-Señor alcalde.
-Dime, Marcial.
-Maroto.
-Joder.
-Ya.
-¿Has avisado al cabo Requejo y al Páter?
-Afuera nos esperan en el coche.
-Pues, hala, vámonos.
Pedro Maroto era un señor perfectamente normal, amante padre de familia, responsable empleado de banca y eficaz contable.
Una verdadera lástima que se le cruzaran los cables de tanto en vez. De modo imprevisible, por las causas más peregrinas, Maroto perdía los papeles, buscaba su escopeta y su munición, y se echaba al monte.
Y había que ir a buscarlo, responsabilidad que recaía -aburrida y desagradable- en el Alcalde, el cabo de la Benemérita y el Señor Cura.

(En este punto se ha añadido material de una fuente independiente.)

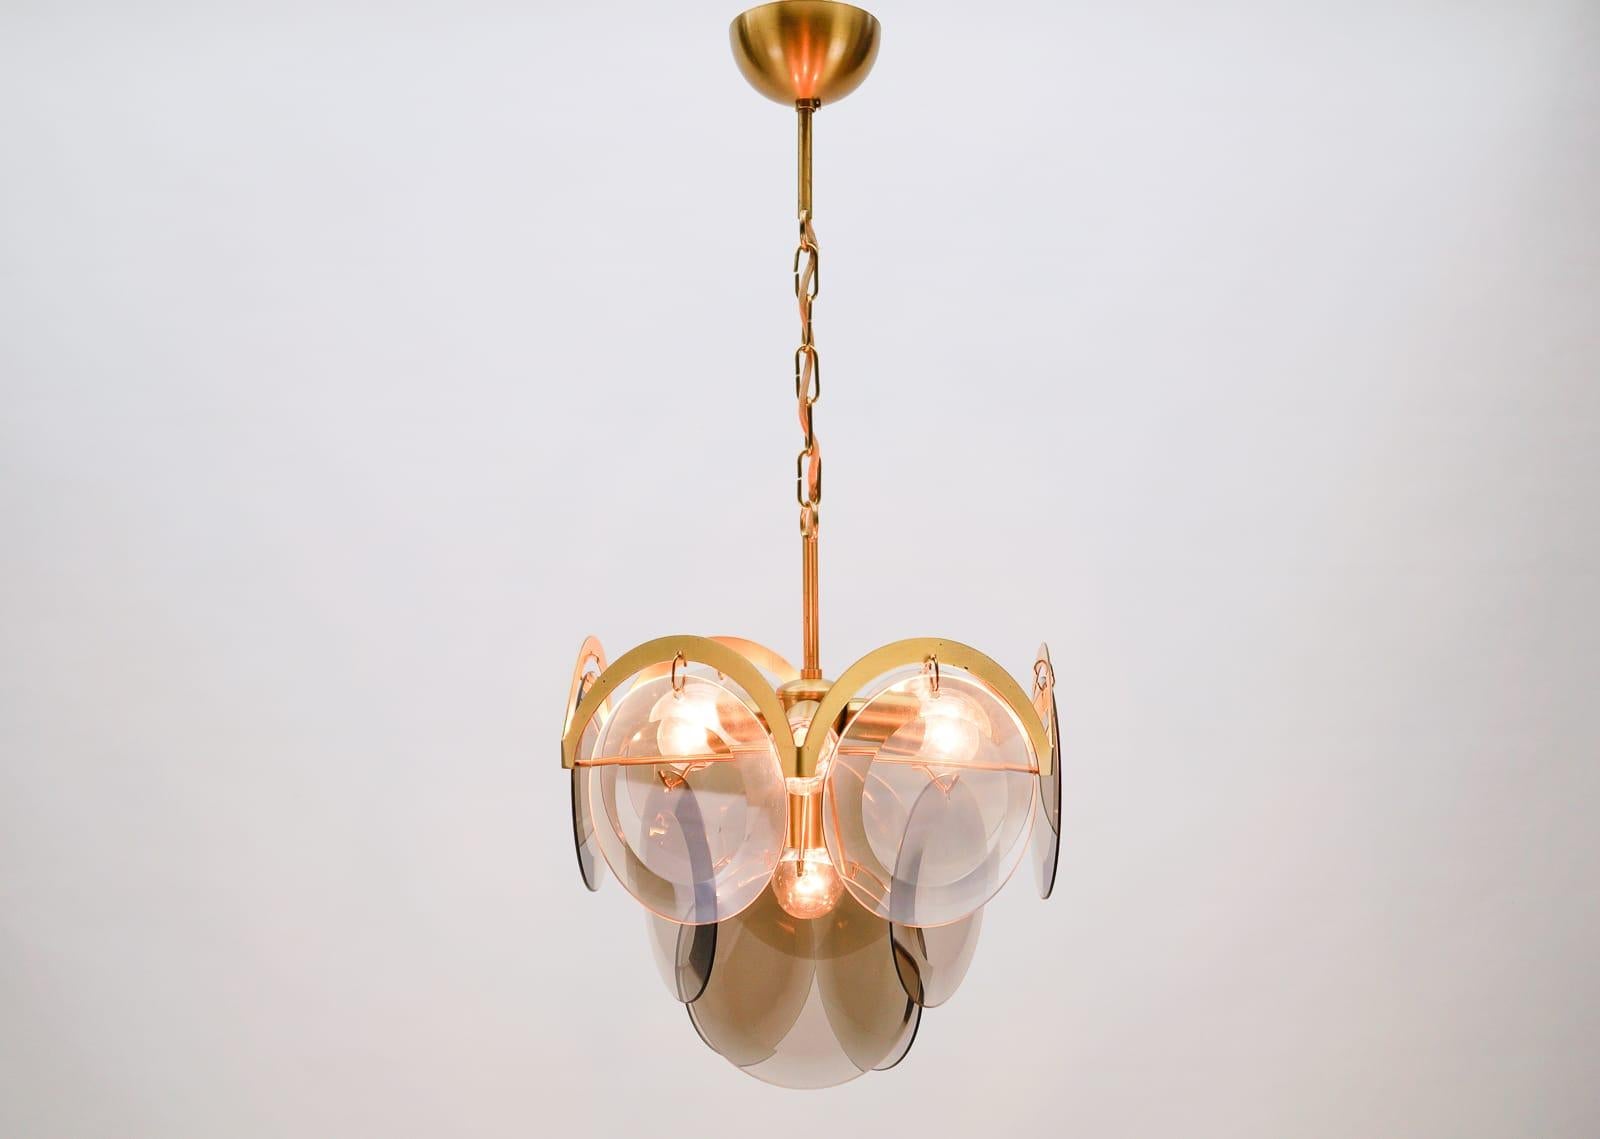 Mid-20th Century Very Elegant & Delicate Hanging Lamp with Smoked Glass Panes, 1960s Italy For Sale

-¡Pedro!, ¿qué pasa, hombre?
-¡Váyanse!
-¡Pedro, baja, coñe!
-¡Irse, que disparo!
-¡Maroto, venga aquí de inmediato!
¡¡¡Piiiiiuuu!!! (disparo de Maroto, alejado de su blanco).

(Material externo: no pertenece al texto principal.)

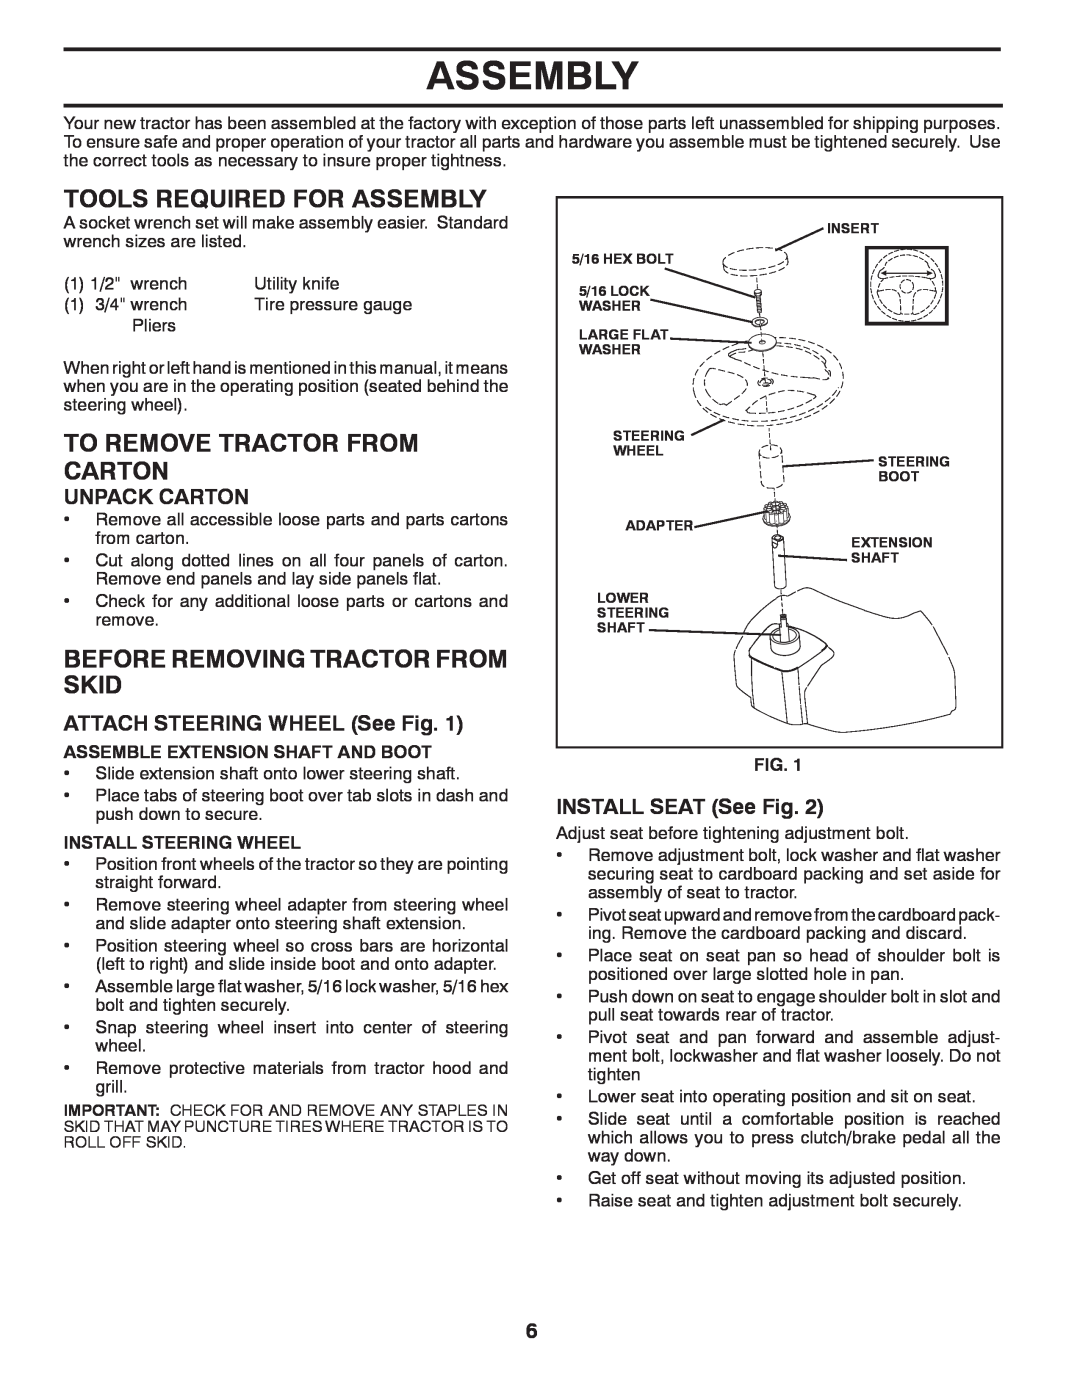 Poulan 425179 manual Tools Required For Assembly, To Remove Tractor From Carton, Before Removing Tractor From Skid

-(No le caliente, mi cabo, que le está mejorando la puntería y nos acabará acertando un día de estos).
-¡Pedro, hijo mío! ¿Qué te aflige?
-¡Que se me ha roto la lavadora!
-(Hay que fastidiarse).
-(Calle, cabo)...¿Y por qué no avisas a Peral?
-¡La maldita garantía! ¡Se pasa y a la semana siguiente se tiene que romper el aparato!
-¡Pues te compras otra, hijo, que tienes buen sueldo en el banco!
-¡Si no es por el dinero, Padre, es por la rabia!
-(En eso lleva razón).
-(A mí me pasó lo mismo con el televisor, y gracias a que me paró la pariente, porque ya tenía al cacharro encañonado para meterle dos tiros. Si es que parece que lo hacen aposta los de las fábricas).